The Forgotten Ice Cream Chain That Had 2 More Flavors Than Baskin-Robbins

In 1953, Baskin-Robbins rebranded itself around the idea of "31 flavors" — one for every day of the month — and baked the number into its identity. The idea came from Carson/ Roberts, an ad agency that would later fold into Ogilvy & Mather, and it proved to be one of the most enduring bits of food marketing in America. More than seventy years later, the "31" still sits proudly inside the company's pink-and-blue logo, instantly recognizable across the world. But if proof was ever needed that clever branding alone couldn't guarantee survival, look no further than another ice cream chain that put its own number front and center: Bresler's 33 Flavors.

Founded in 1927 and once boasting over 300 franchises, the one-time ice-cream giants shut shop in 2007. Like many mall and food court favorites of the time, Bresler's has melted away into obscurity since. Bresler's story began at the onset of the Great Depression, when brothers William and David Bresler, inspired by a street vendor in New Orleans, started selling ice cream from a cart in Chicago's Lincoln Park.

What began as a small wholesale operation slowly grew, with the company opening a fast-food chain, Henry's Hamburgers, in 1954 (one still remains operational in Michigan). The burger chain gave Bresler's an outlet for its ice cream and shakes. Ownership of the ice cream business shifted several times over the decades.

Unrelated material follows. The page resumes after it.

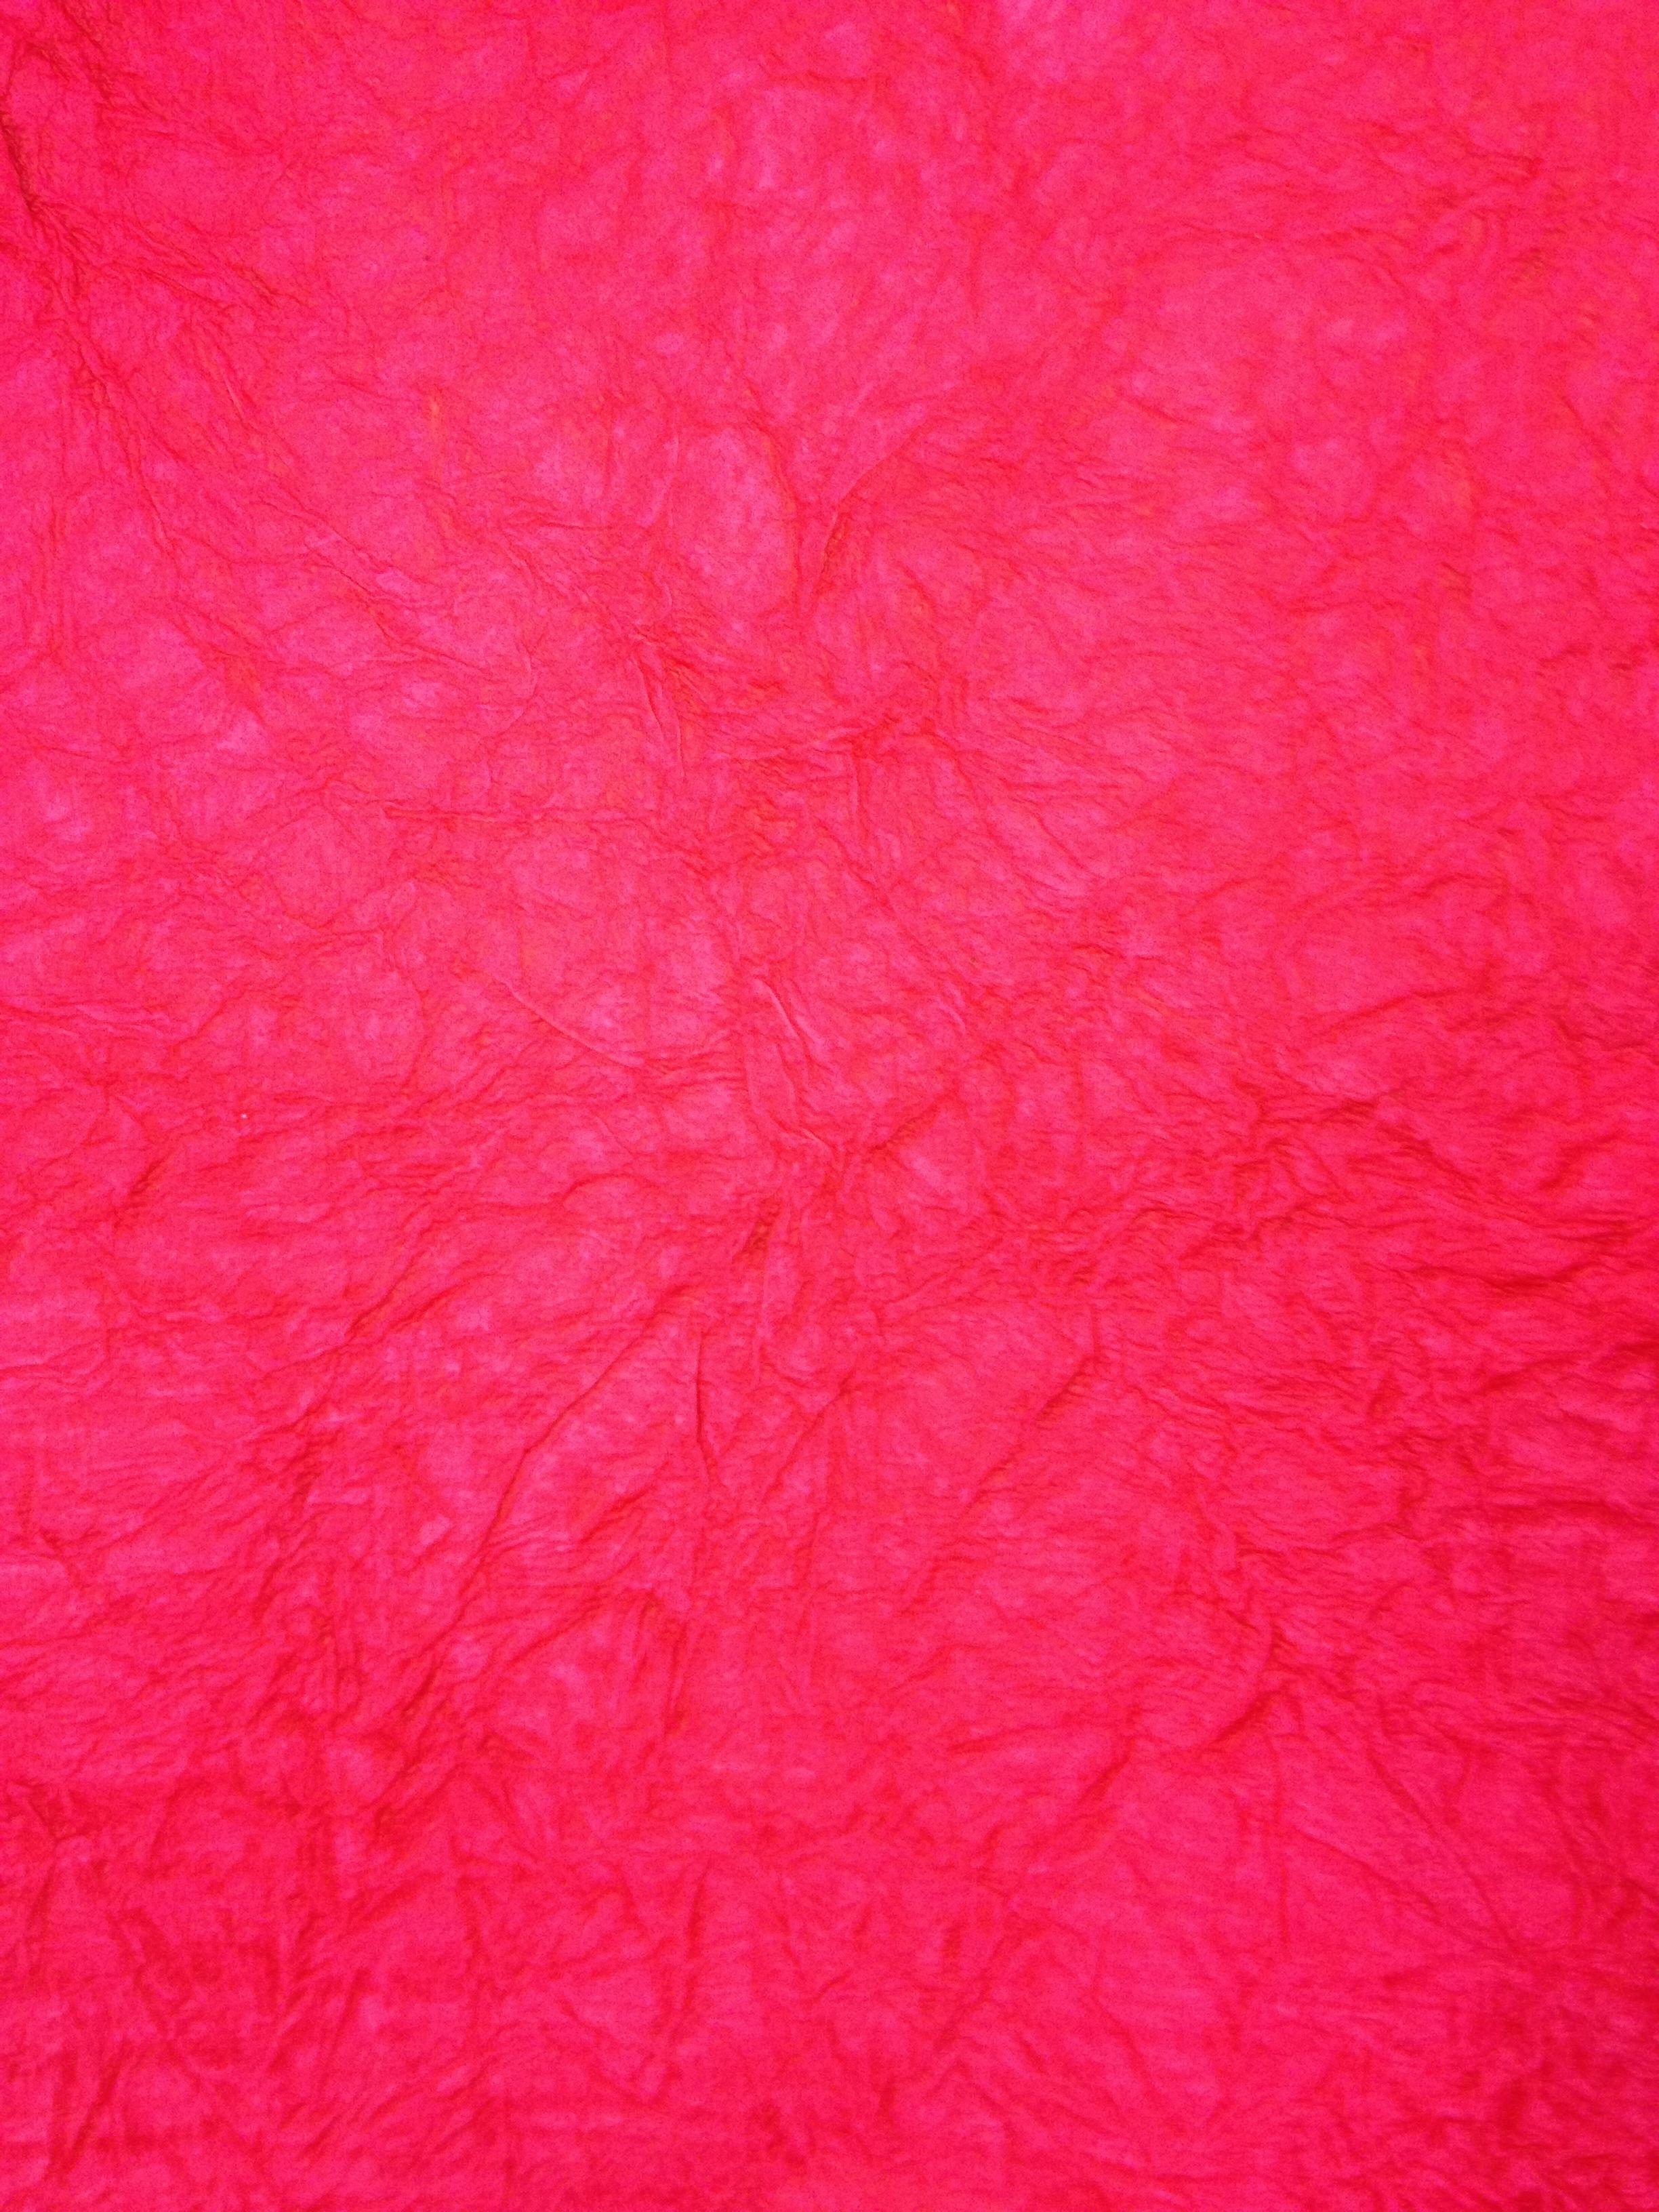 pink, wrinkled, solid Wallpaper, 3d wallpaper, Iphone 5

In 1987, the family sold to Oberweis Dairy, which rebranded the chain as Bresler's Ice Cream, before CoolBrands International took over in 1995 and briefly took the brand overseas, opening branches in Israel and Egypt.

Oddball flavor champions

Like Baskin-Robbins, which is known for a wide range of flavors, Bresler's leaned hard on variety. and the menu was filled with both classics and eccentric experiments. Alongside safe bets like Chocolate Chip, Pistachio, and Rocky Road, customers could order flavors with names straight out of a carnival sideshow — Licorice Voo-Doo and Kitchen Sink among them. An X user wrote, "This one hurts. We were definitely Team Bresler's over Baskin-Robbins — better ice cream, better flavors (which seemed to rotate a little more than BR, so there were always new things to try)".

Trying to keep pace with evolving trends and tastes, Bresler's jumped on the fast-growing frozen yogurt trend in the 1990s. But, despite multiple interventions and reinventions, Bresler's never regained its former glory — and by 2007, the brand had disappeared entirely.

Though they have largely vanished from shopping malls and memory by now, Bresler's still lingers in collective nostalgia, at least among those who grew up near one. A commenter on Reddit's r/nostalgia thread captures it perfectly: "Our mall's Waldenbooks was across from a Bressler's 33 Flavors ice cream shop. I'd give anything to smell the intoxicating combination of new books and fresh waffle cones again!"